TechOpsGuys.com Diggin' technology every day

June 30, 2012

Synchronized Reboot of the Internet

Filed under: linux — Tags: — Nate @ 7:37 pm

[UPDATE – I’ve been noticing some people claim that kernels newer than 2.6.29 are not affected, well I got news for you, I have 200+ VMs that run 2.6.32 that say otherwise (one person in the comments mentions Kernel 3.2 is impacted too!) 🙂 ]

[ UPDATE 2 – this is a less invasive fix that my co-worker has tested on our systems:

date -s "`date -u`"

]
Been fighting a little fire that I’m sure hundreds if not thousands are fighting as well it happened at just before midnight UTC when a leap second was inserted into our systems, and well that seemed to trip a race condition in Linux, that I assume most thought was fixed but I guess people didn’t test it.

[3613992.610268] Clock: inserting leap second 23:59:60 UTC

 

The behavior as I’m sure your all aware of by now is a spike in CPU usage, normally our systems run on average under 8% cpu usage, and this really pegged them up by ten fold. Fortunately vSphere held up and we had the capacity to eat it, the resource pools helped make sure production had it’s share of CPU power. Only minimal impact to the customers, our external alerting never even went off, that was a good sign.

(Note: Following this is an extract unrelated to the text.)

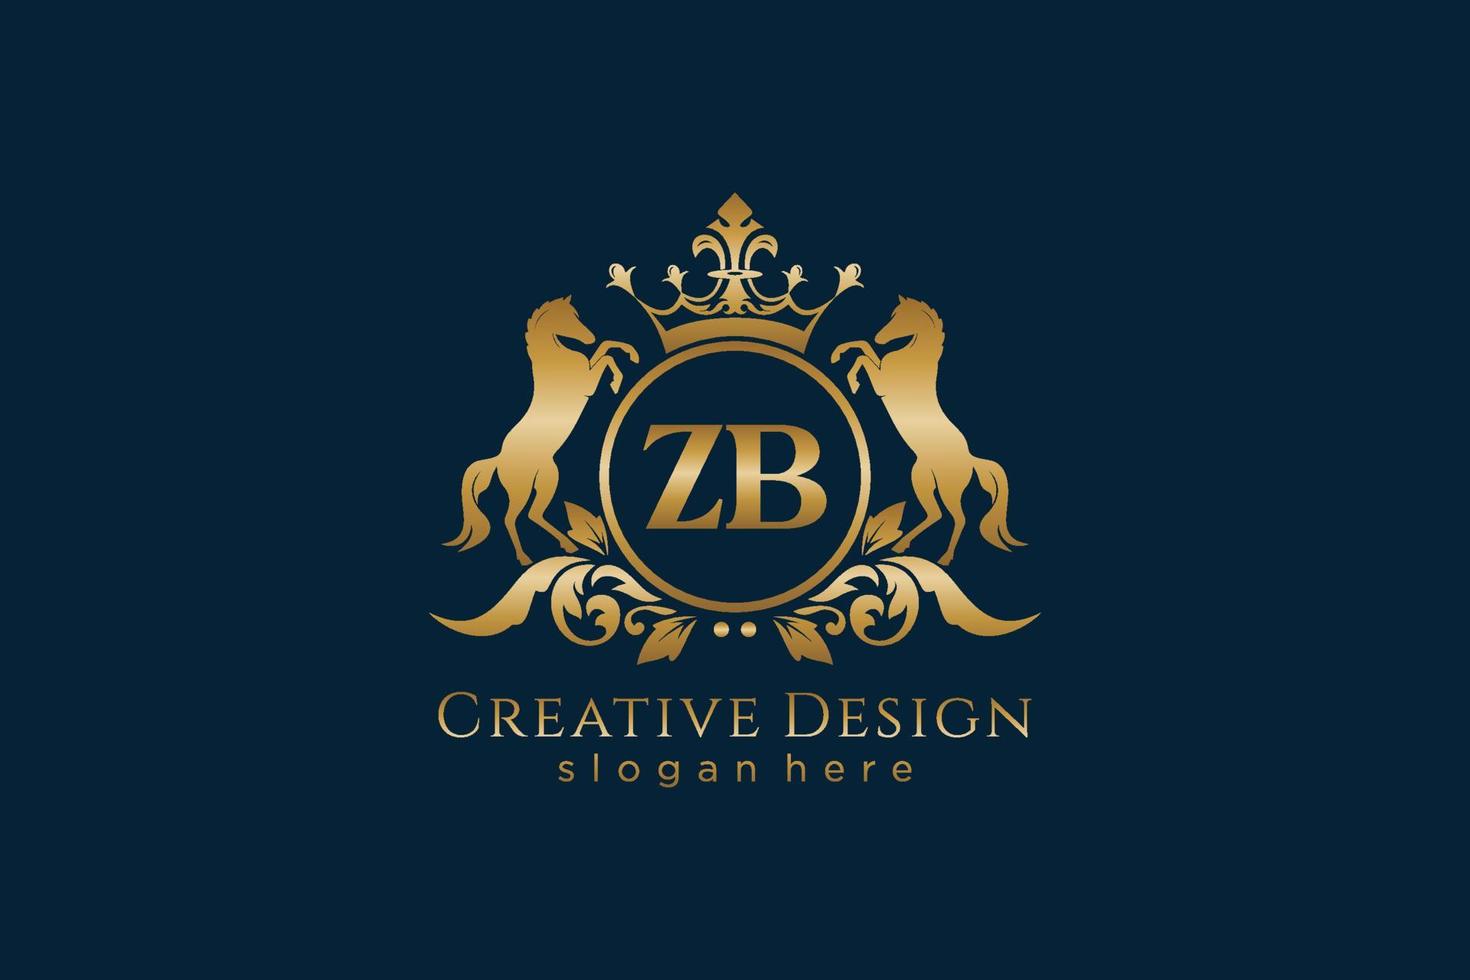 crête dorée rétro initiale zb avec cercle et deux chevaux, modèle de badge avec volutes et couronne royale - parfait pour les projets de marque de luxe vecteur
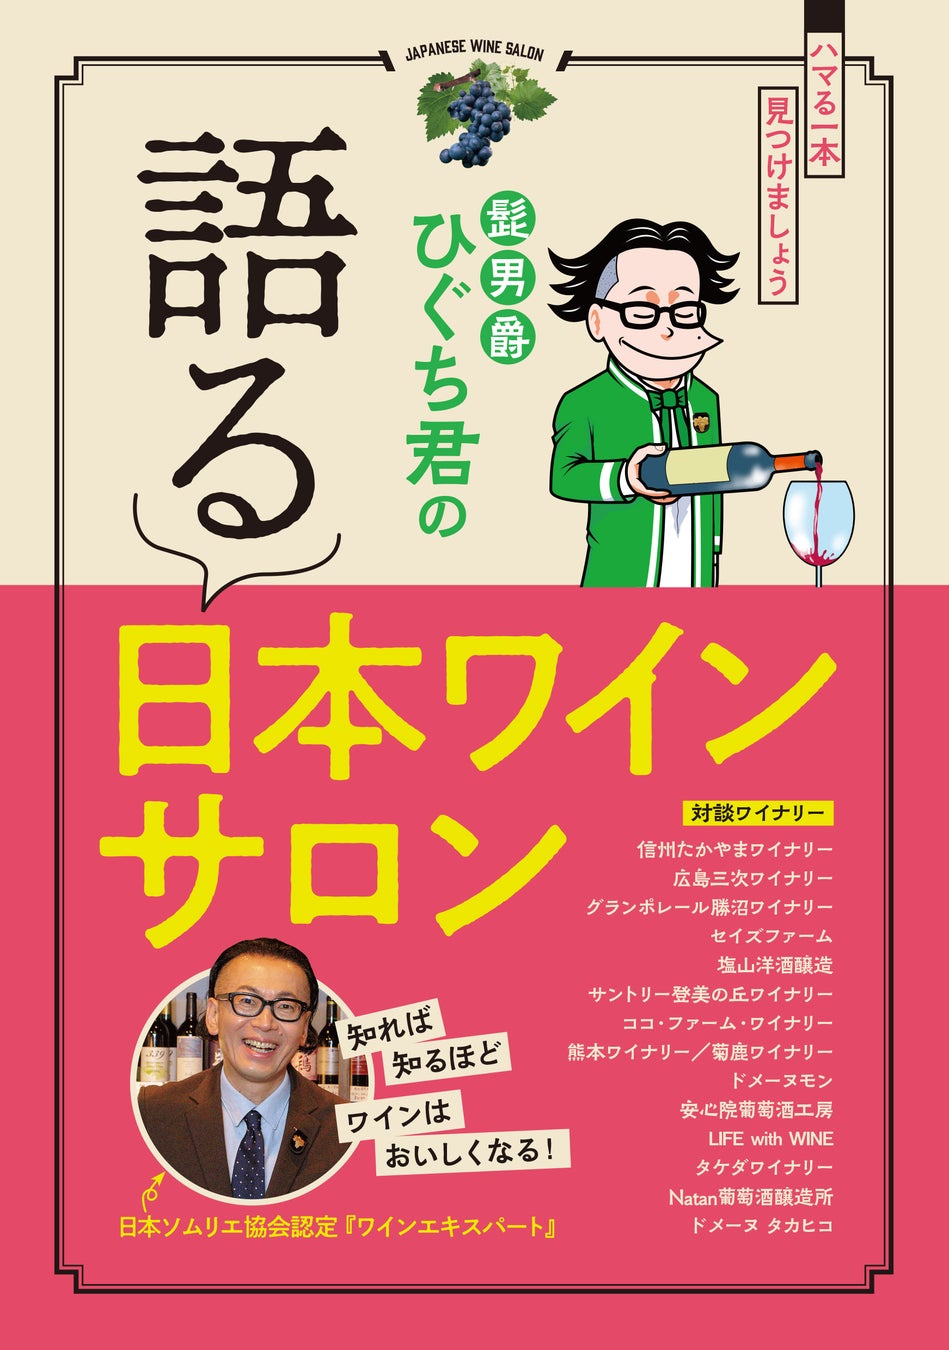 『髭男爵ひぐち君の 語る 日本ワインサロン』発売

CPU Spike on a couple hundred VMs all at the same time (the above cluster has 441Ghz of CPU resources)

We were pretty lost at first, fortunately my co-worker had a thought maybe it was leap second related, we dug into things more and eventually came across this page (thanks google for being up to date), which confirmed the theory and confirmed we weren’t the only ones impacted by it.  Fortunately our systems were virtualized by a system that was not impacted by the issue so we did not experience any issues on the bare metal only in the VMs. From the page

Just today, Sat June 30th – starting soon after the start of the day GMT. We’ve had a handful of blades in different datacentres as managed by different teams all go dark – not responding to pings, screen blank.

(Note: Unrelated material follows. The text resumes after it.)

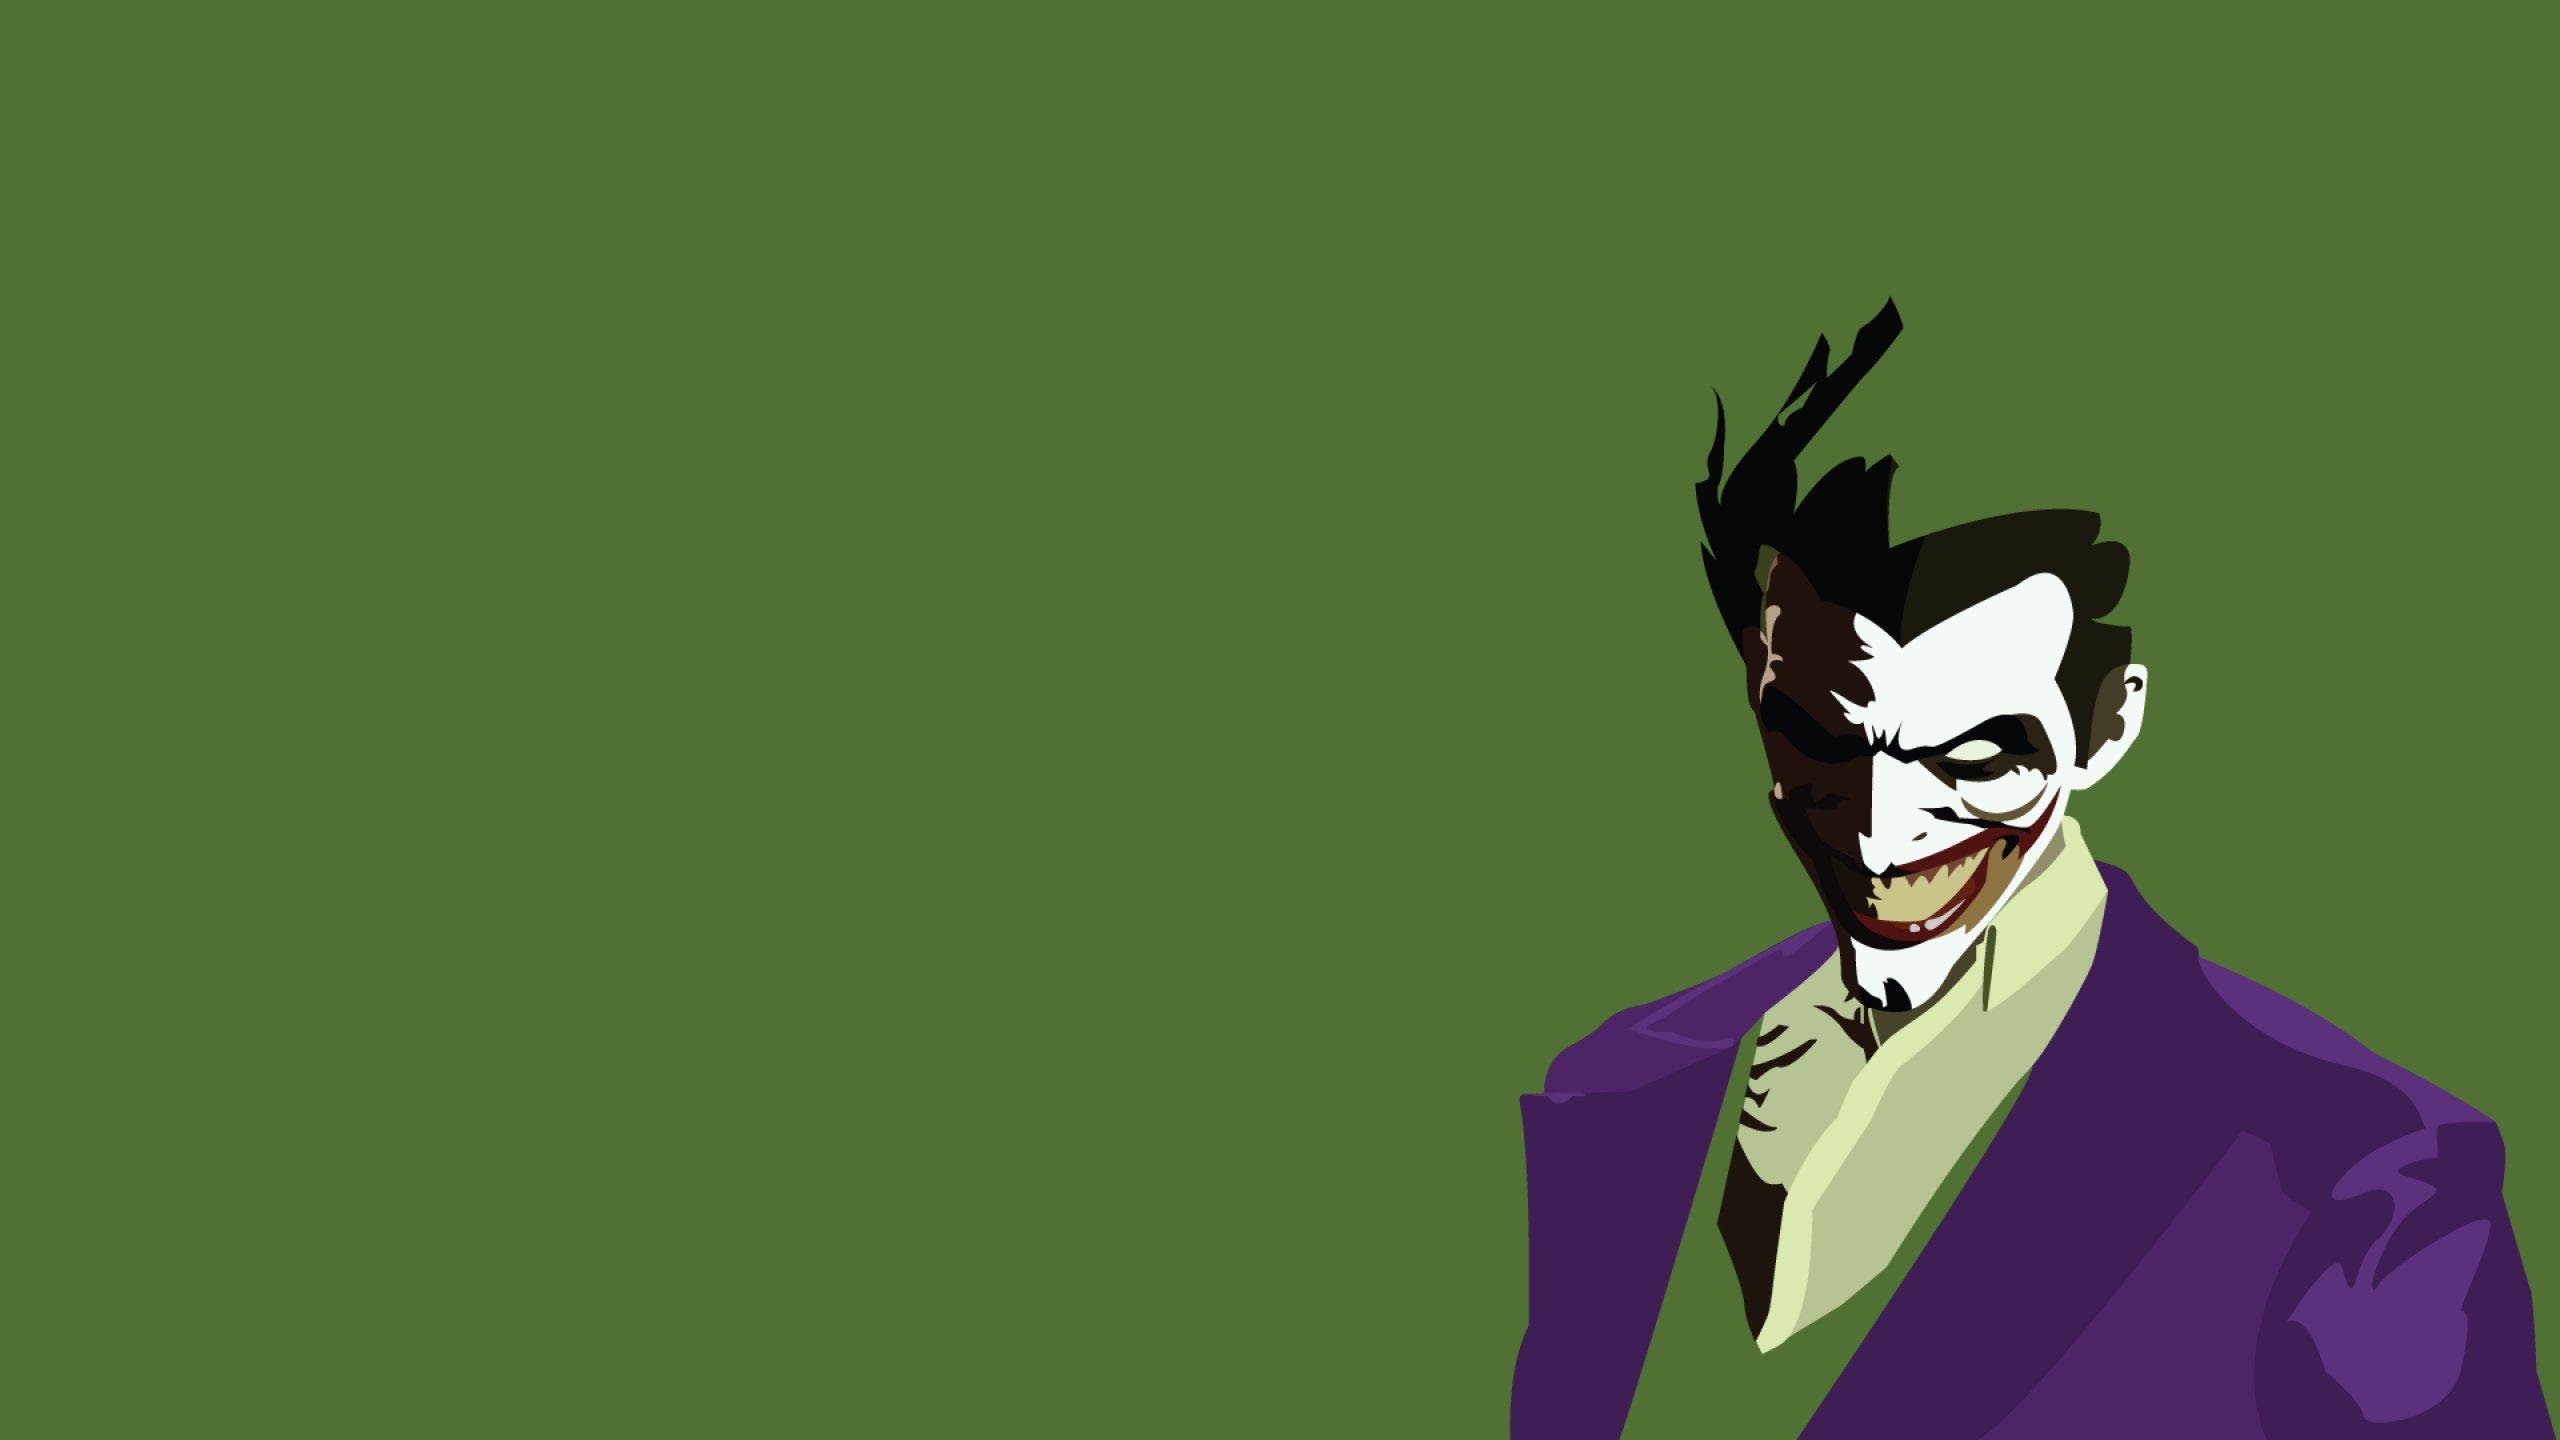 35 Gambar Wallpaper Joker Cartoon Hd terbaru 2020

They’re all running Debian Squeeze – with everything from stock kernel to custom 3.2.21 builds. Most are Dell M610 blades, but I’ve also just lost a Dell R510 and other departments have lost machines from other vendors too. There was also an older IBM x3550 which crashed and which I thought might be unrelated, but now I’m wondering.

It wasn’t long after that we started getting more confirmations of the issue from pretty much everyone out there. We haven’t dug into more of a root cause at this point we’ve been busy rebooting Linux VMs which seems to be a good workaround (didn’t need the steps indicated on the page). Even our systems that are up to date with kernel patches and stuff as recently as a month ago were impacted. Red Hat apparently is issuing a new advisory for their systems since they were impacted as well.

Some systems behaved well under the high load, others were so unresponsive they had to be power cycled. There was usually one process that was chewing through an abnormal amount of CPU, for the systems I saw it was mostly Splunk and autofs.  I think it was just coincidence though, perhaps processes that were using CPU at the instant the leap second was inserted into the system.

The internet is in the midst of a massive reboot. I pity the foo who has a massive number of systems and has to co-ordinate some complex massive reboot (unless there is another way – for me reboot was simplest and fastest).

I for one was not aware that a leap second was coming or the potential implications, it’s obvious I’m not alone. I do recall leap seconds in the past not causing issues for any of the systems I managed. I logged into my personal systems including the one that powers this blog, and there are no issues on them. My laptop runs Ubuntu 10.04 as well(same OS rev as the servers I’ve been rebooting for the past 2 hours) and no issues there either (been using it all afternoon).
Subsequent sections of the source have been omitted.